Acórdão do Supremo Tribunal de Justiça
Processo:
9560/14.8TDPRT-O.G1-A.S1
Nº Convencional: 5.ª SECÇÃO
Relator: LEONOR FURTADO
Descritores: TRIBUNAL DA RELAÇÃO
RECUSA DE JUÍZ
JUÍZ DESEMBARGADOR
JUIZ NATURAL
IMPARCIALIDADE
INDEFERIMENTO
Data do Acordão: 03/09/2023
Votação: UNANIMIDADE
Texto Integral: S
Privacidade: 1
Meio Processual: ESCUSA / RECUSA
Decisão: IMPROCEDÊNCIA / NÃO DECRETAMENTO.
Sumário :
I - As regras da independência e imparcialidade são inerentes ao direito de acesso aos tribunais – art. 20.º, n.º 1, da CRP –, constituindo ainda, no processo criminal português, atenta a sua estrutura acusatória – art. 32.º, n.º 5, da CRP –, uma dimensão importante do princípio das garantias de defesa – art. 32.º, n.º 1 da CRP – e, mesmo do princípio do juiz natural – art. 32.º, n.º 9, da CRP.
II - Do ponto de vista da comunidade não há o risco ou aparência do não reconhecimento público da imparcialidade e isenção dos Juízes desembargadores que intervêm em processo onde se discute a mesma realidade de um outro processo em que já intervieram, como relator e adjunto.
III - Não pode, por isso, deferir-se a recusa dos Juízes desembargadores de intervir em processo da sua competência legal, sob pena de violação do princípio do juiz natural.
Decisão Texto Integral:


RECUSA

Processo n.º 9560/14.8TDPRT-O.G1

Acordam, em conferência, no Supremo Tribunal de Justiça

I – RELATÓRIO

1. AA, arguido e requerente nestes autos, formulou pedido de recusa dos Senhores Juízes Desembargadores, Dra. BB e Dr. CC, intervenientes como Adjuntos nos autos, com os seguintes fundamentos:

“1. Apresentou o arguido uma Reclamação à conferência que ainda não foi decidida, pelo que é o incidente de recusa tempestivo nos termos do art.º 44.º do C.P.P. porque apresentado antes da conferência.

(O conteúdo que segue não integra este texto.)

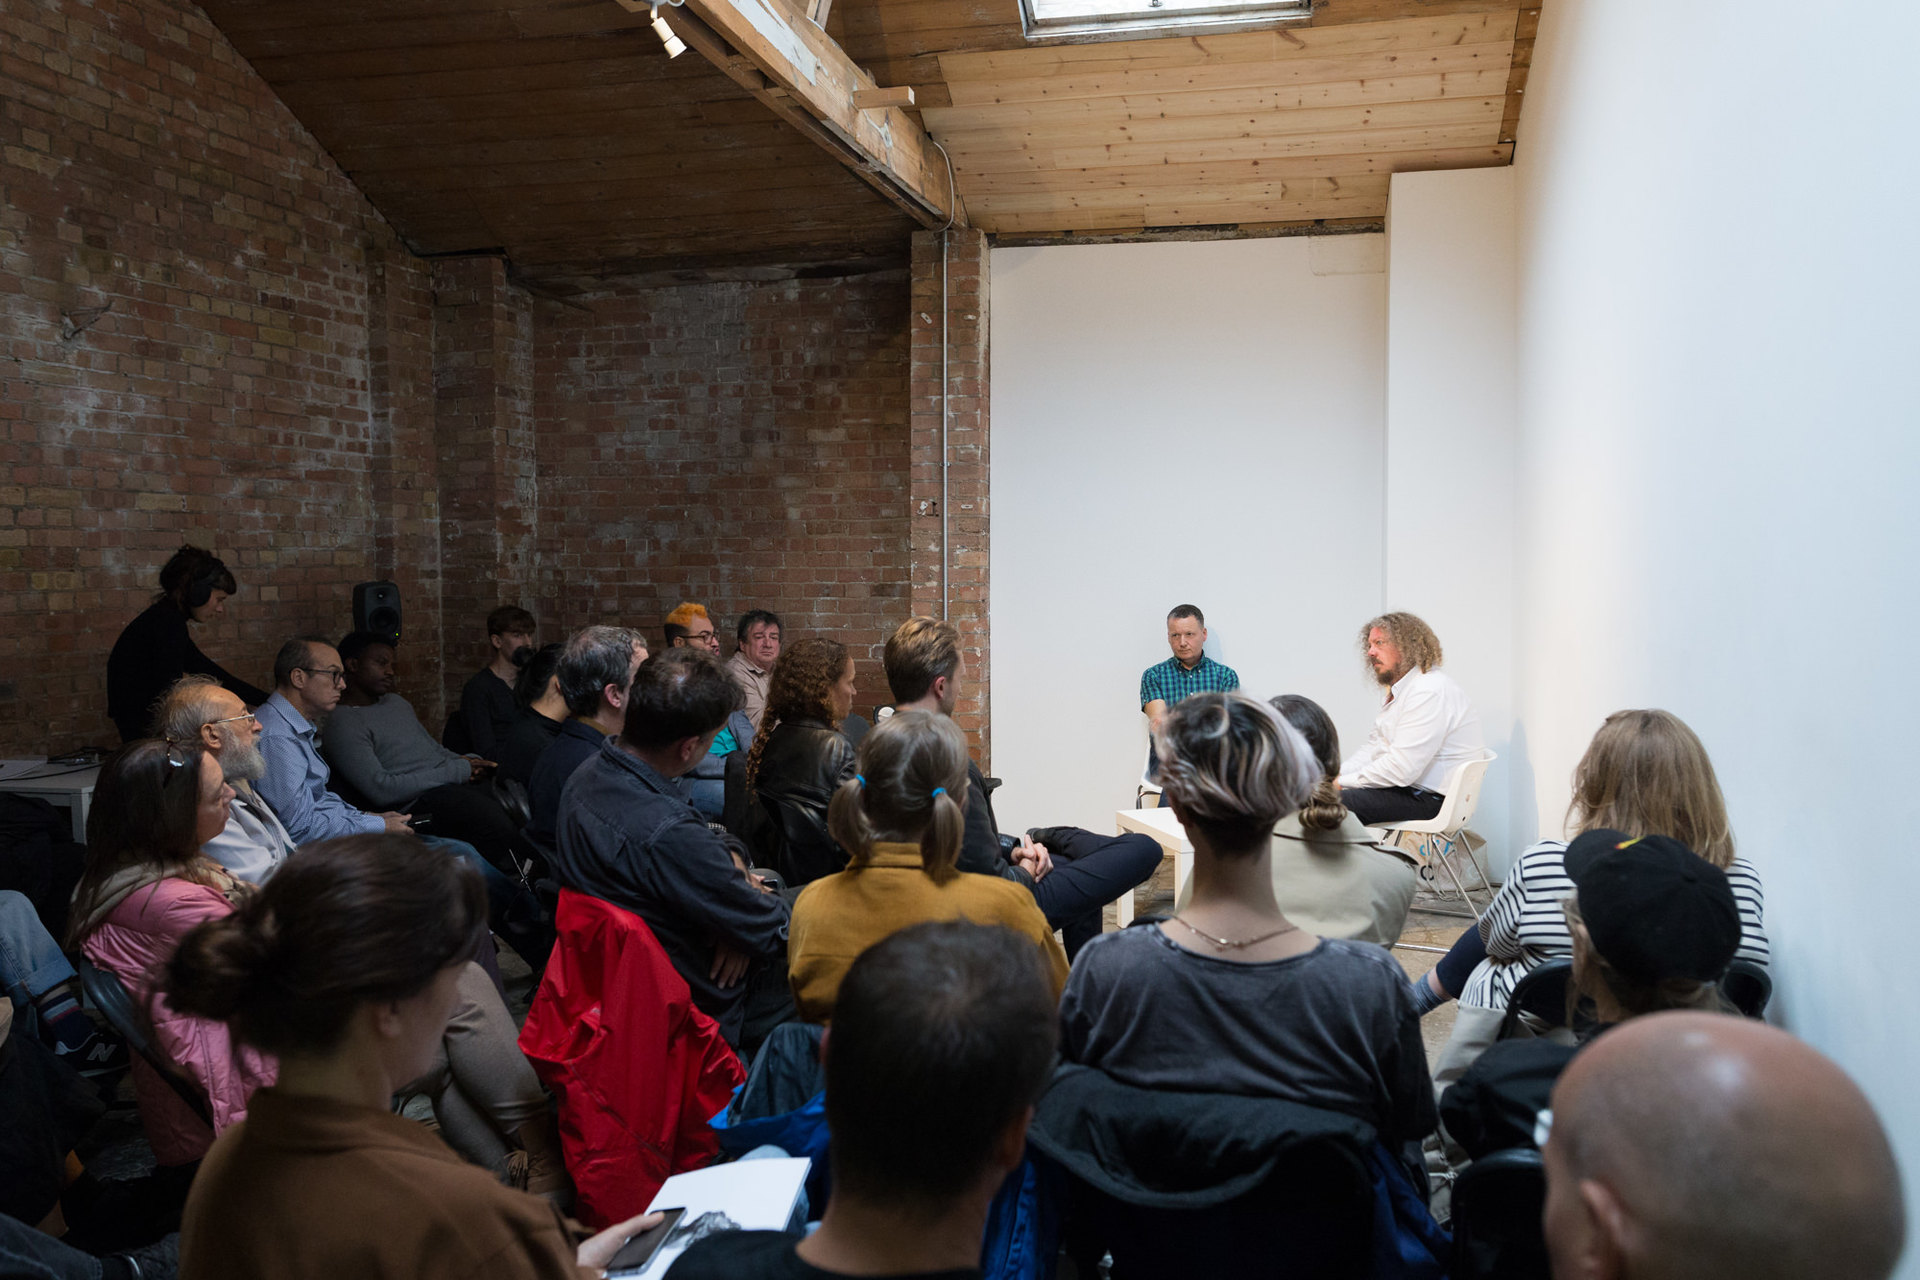 Mathieu Copeland and Stewart Home in conversation, 2019, Shit and Doom - NO!art, Cell Project Space

2. Tomou o arguido conhecimento que os Exmos. Srs. Juízes Desembargadores Adjuntos destes autos processuais, Dra. BB e Dr. CC, se encontram nomeados para decidir uma mesma causa processual (recurso sobre a nulidade da acusação), no mesmo exacto processo 9560/14.8TDPRT-N.G1 no Tribunal da Relação, em apenso diferente, em que é recorrente o arguido DD.

3. Ora, o art.º 40.º alínea c) do C.P.P., por aplicação do art.º 43.º n.º 2 do C.P.P. que preceitua que “pode constituir fundamento de recusa, nos termos do n.º 1, a intervenção do juiz noutro processo ou em fases anteriores do mesmo processo fora dos casos previstos no artigo 40.º” ensina o seguinte: se um Juiz participou ou se encontra a participar – como é o caso – numa decisão de recurso num mesmo processo que se encontra no Tribunal da Relação em que a matéria a ser decidida em ambos os Apensos é a mesma (Recurso sobre a nulidade da acusação), ainda que os recorrentes sejam diferentes mas a base de todo o processado recursório seja a mesma (até porque a mandatária dos arguidos recorrentes é a mesma) não se pode aceitar, com o devido respeito, que dois Srs. Juízes Desembargadores se cruzem em ambos os apensos.

4. Os dois Exmos. Srs. Juízes que se encontram nos presentes autos para decidir em conferência (Dra. BB e Dr. CC) não podem decidir no presente processo e nos outros autos processuais, sob pena de, o que vier a ser decidido naqueles autos poder contaminar a decisão nos presentes ou vice-versa.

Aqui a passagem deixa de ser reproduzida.